### Collected data
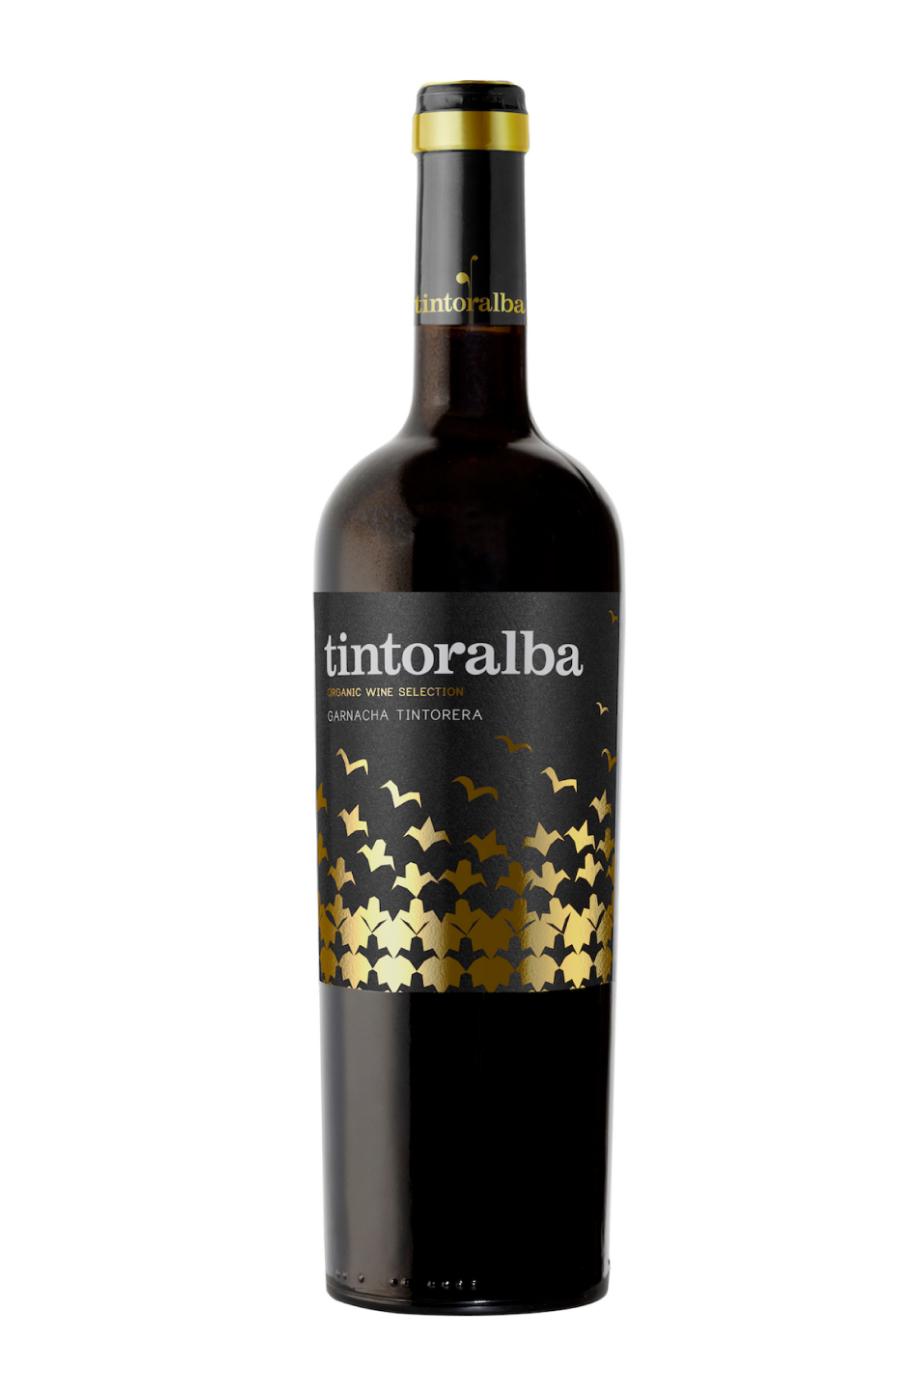 Tintoralba Ecologico Seleccion | Tintoralba - Winexfood
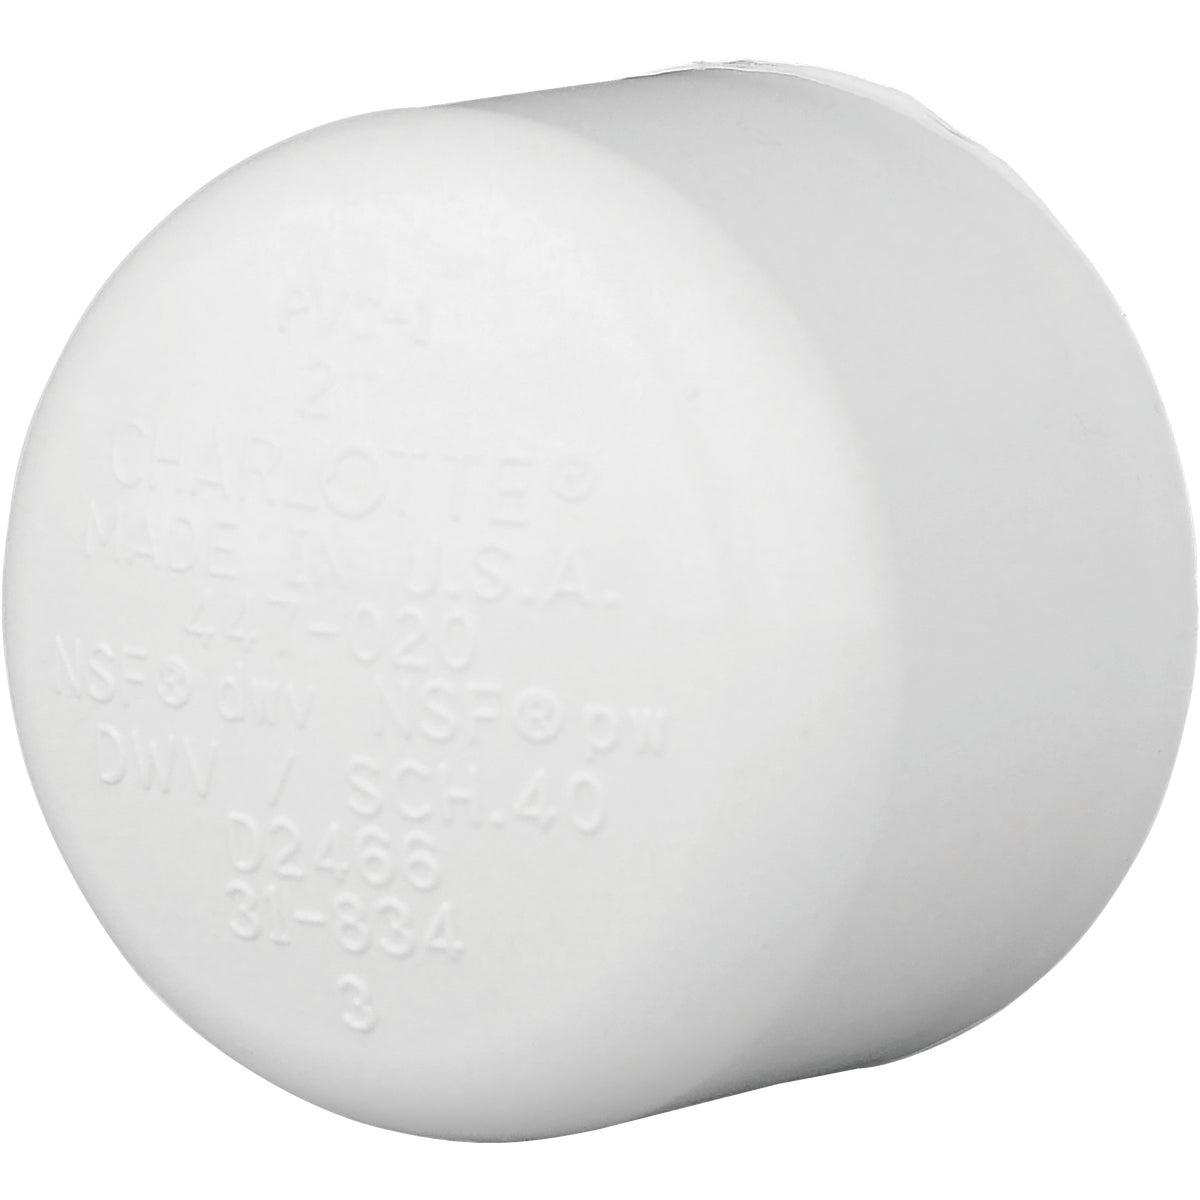 "2"" PVC SCH40 SLIP CAP - 30152 by Genova Inc"
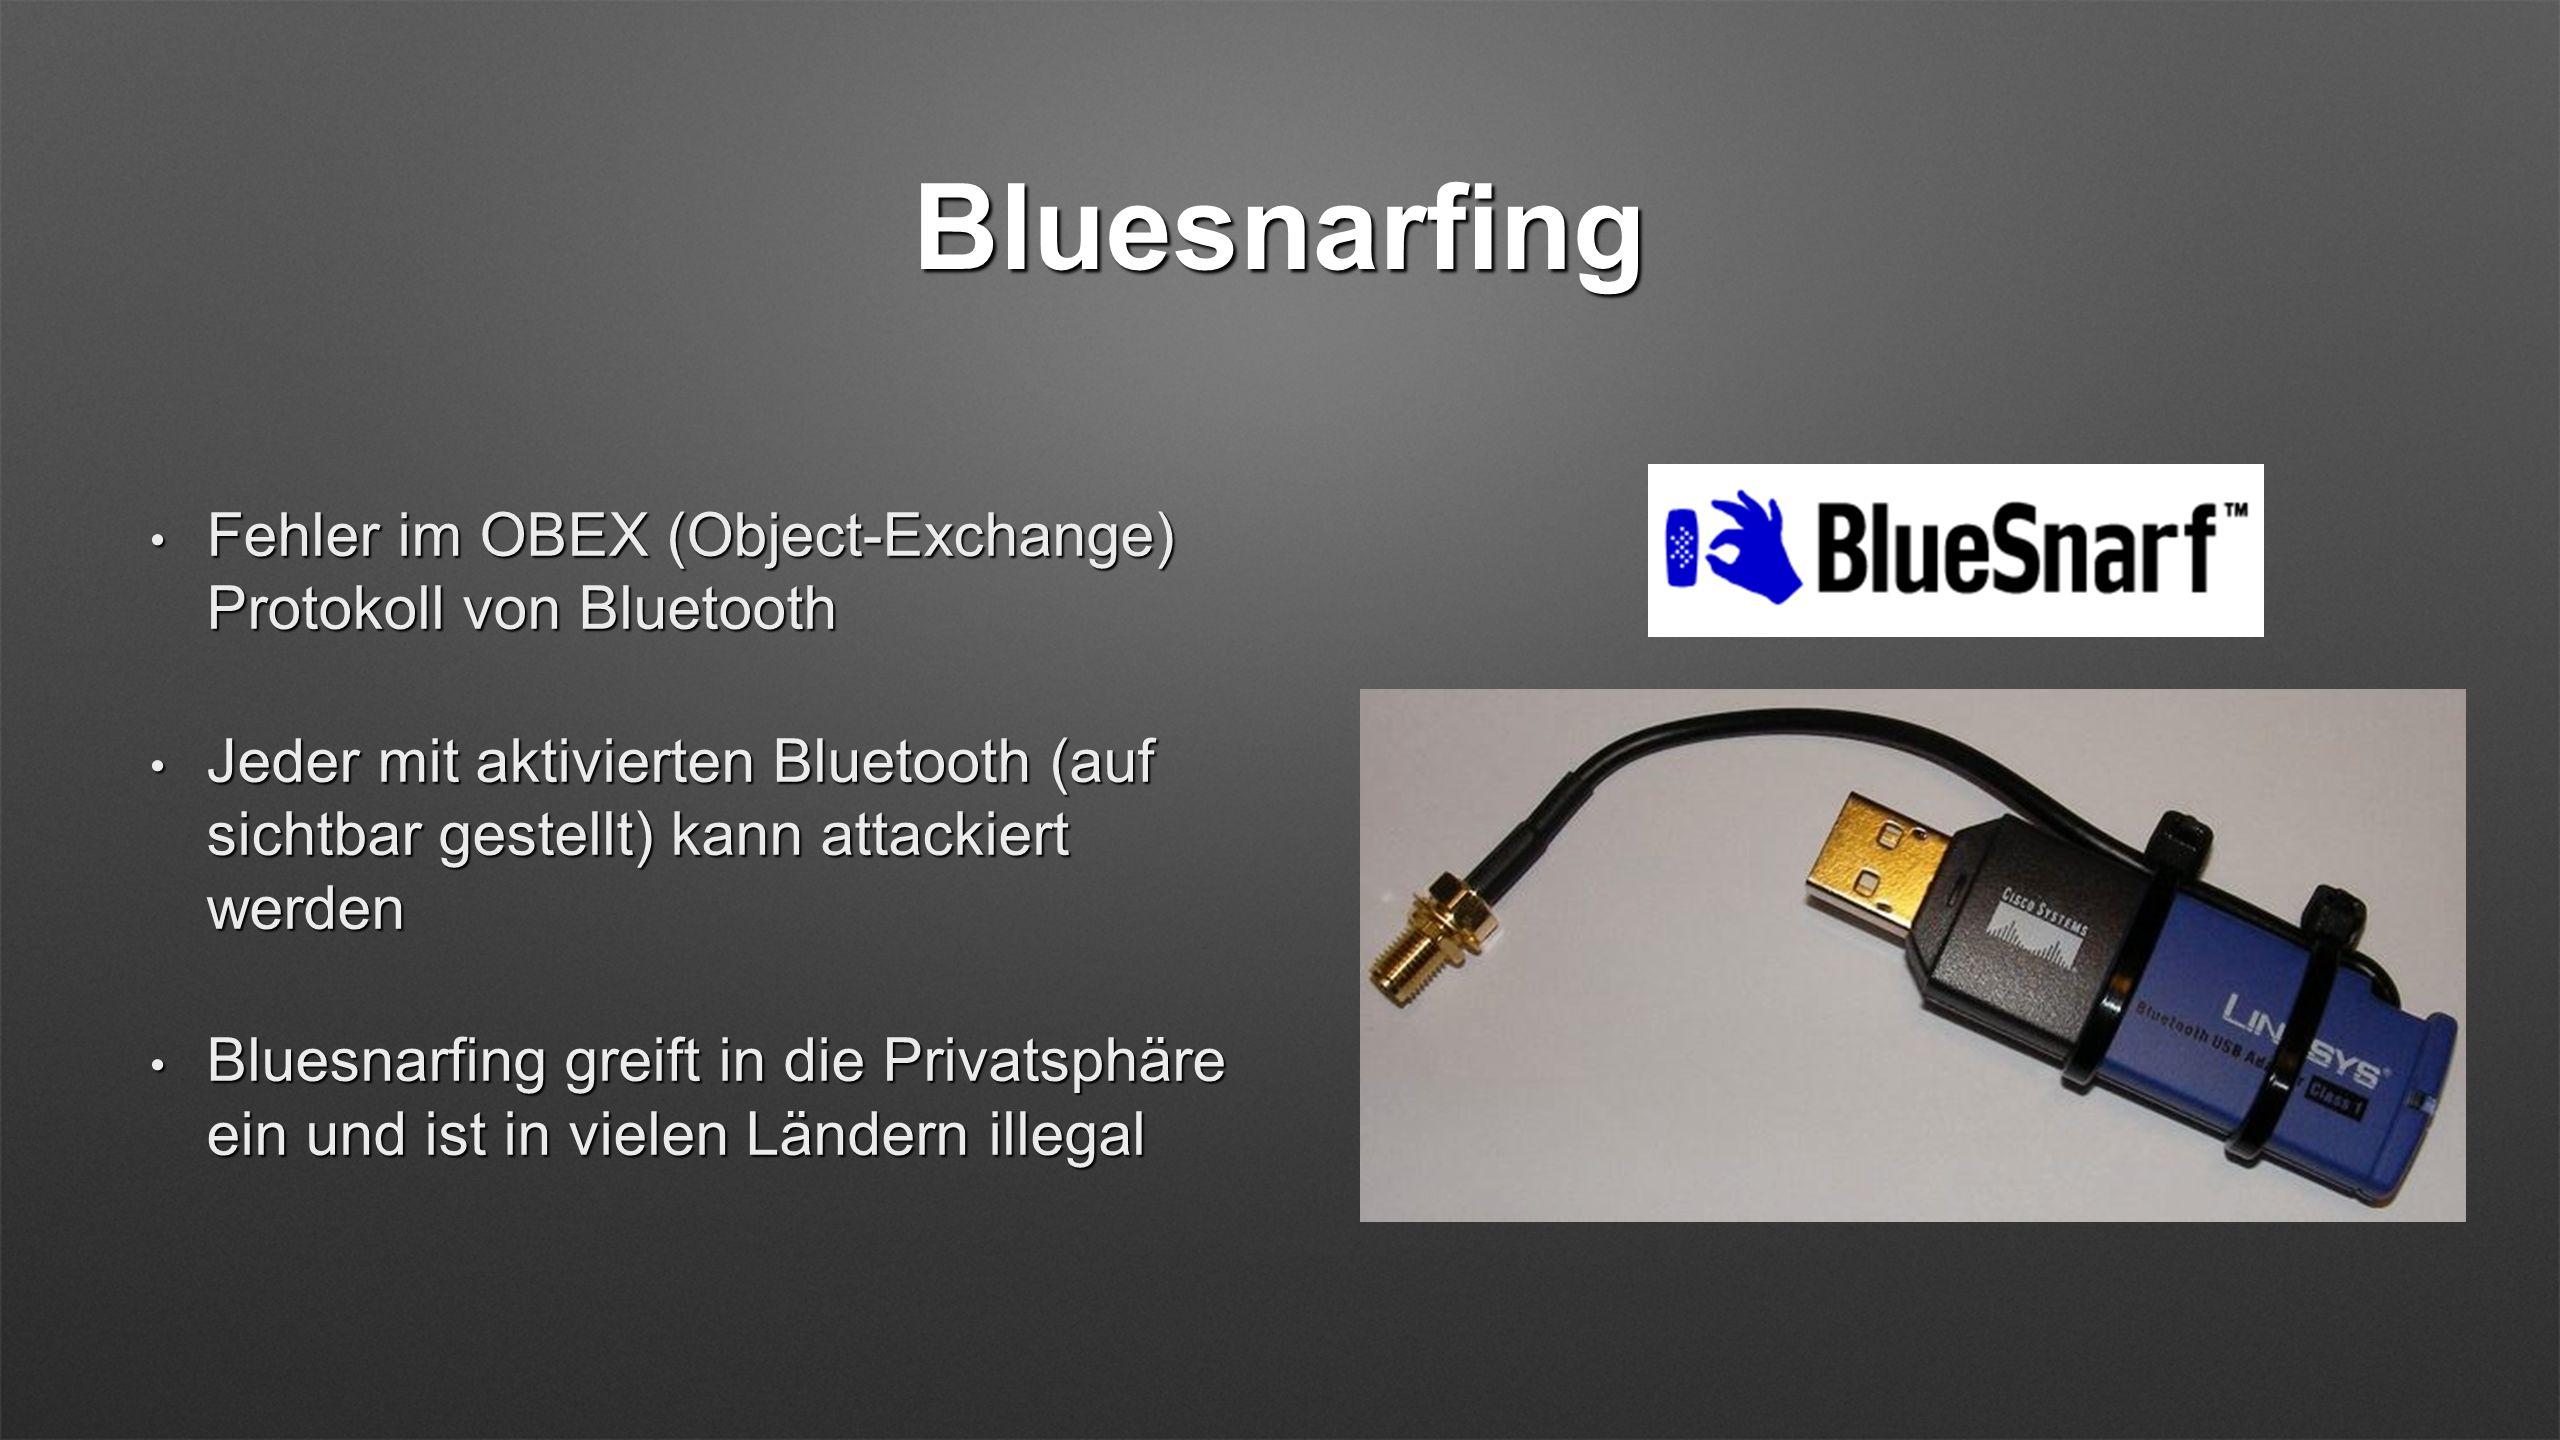 Bluesnarfing Fehler im OBEX (Object-Exchange) Protokoll von Bluetooth Fehler im OBEX (Object-Exchange) Protokoll von Bluetooth Jeder mit aktivierten B
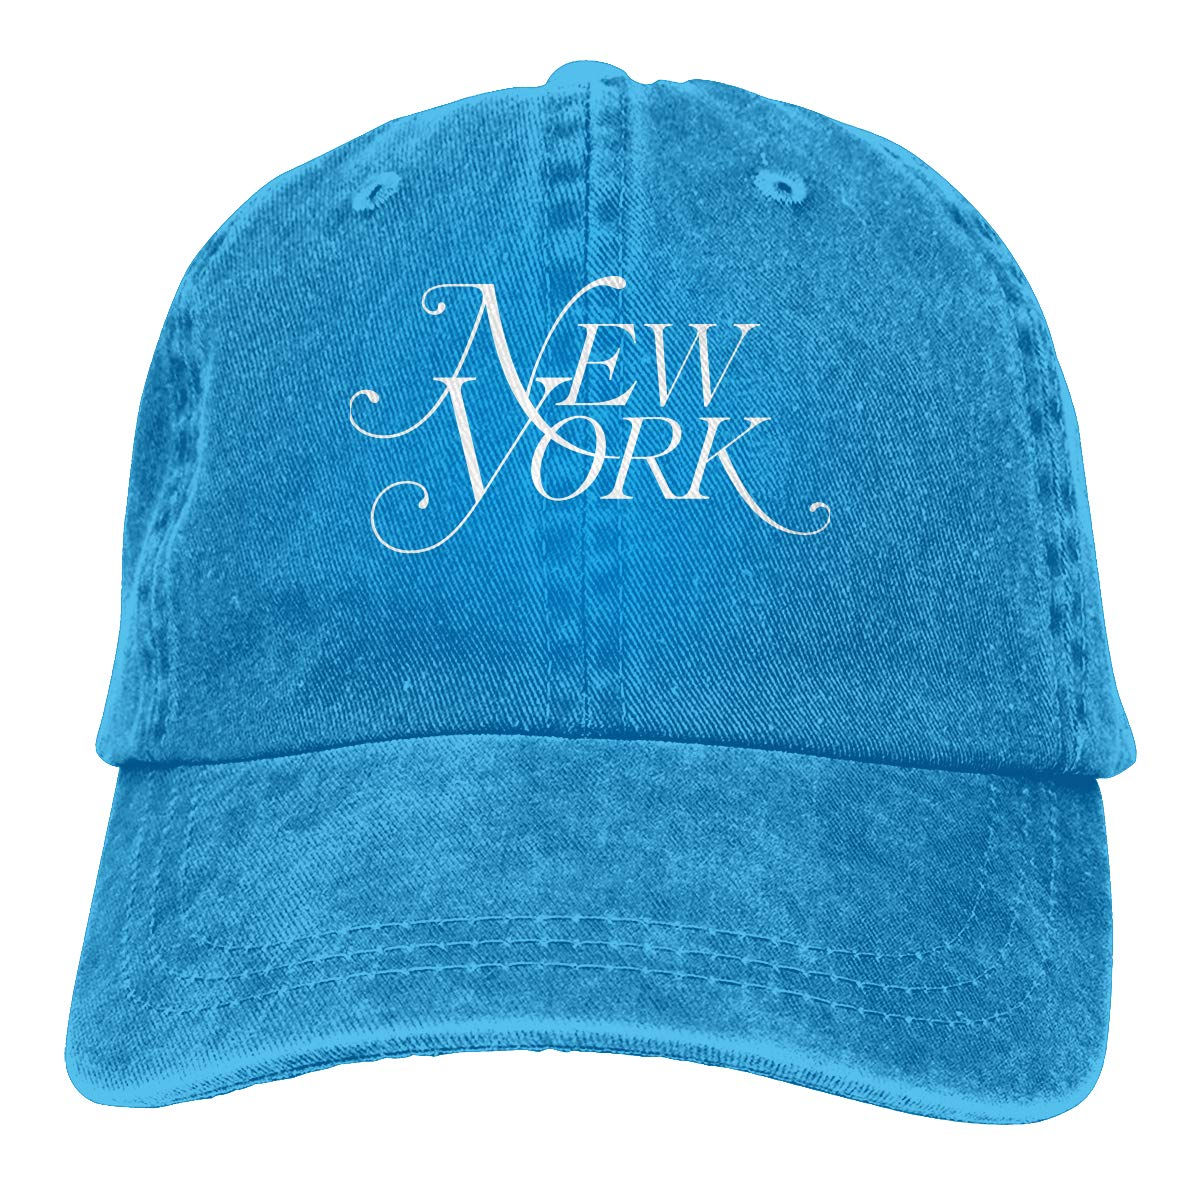 Adult Unisex Cowboy Cap Adjustable Hat New York Cotton Denim

### Task statement
Please output all the data exactly as given, with the pictures omitted.

### Exercise response
 Tintoralba Ecologico Seleccion | Tintoralba - Winexfood
 "2"" PVC SCH40 SLIP CAP - 30152 by Genova Inc"
 Bluesnarfing Fehler im OBEX (Object-Exchange) Protokoll von Bluetooth Fehler im OBEX (Object-Exchange) Protokoll von Bluetooth Jeder mit aktivierten B
 Adult Unisex Cowboy Cap Adjustable Hat New York Cotton Denim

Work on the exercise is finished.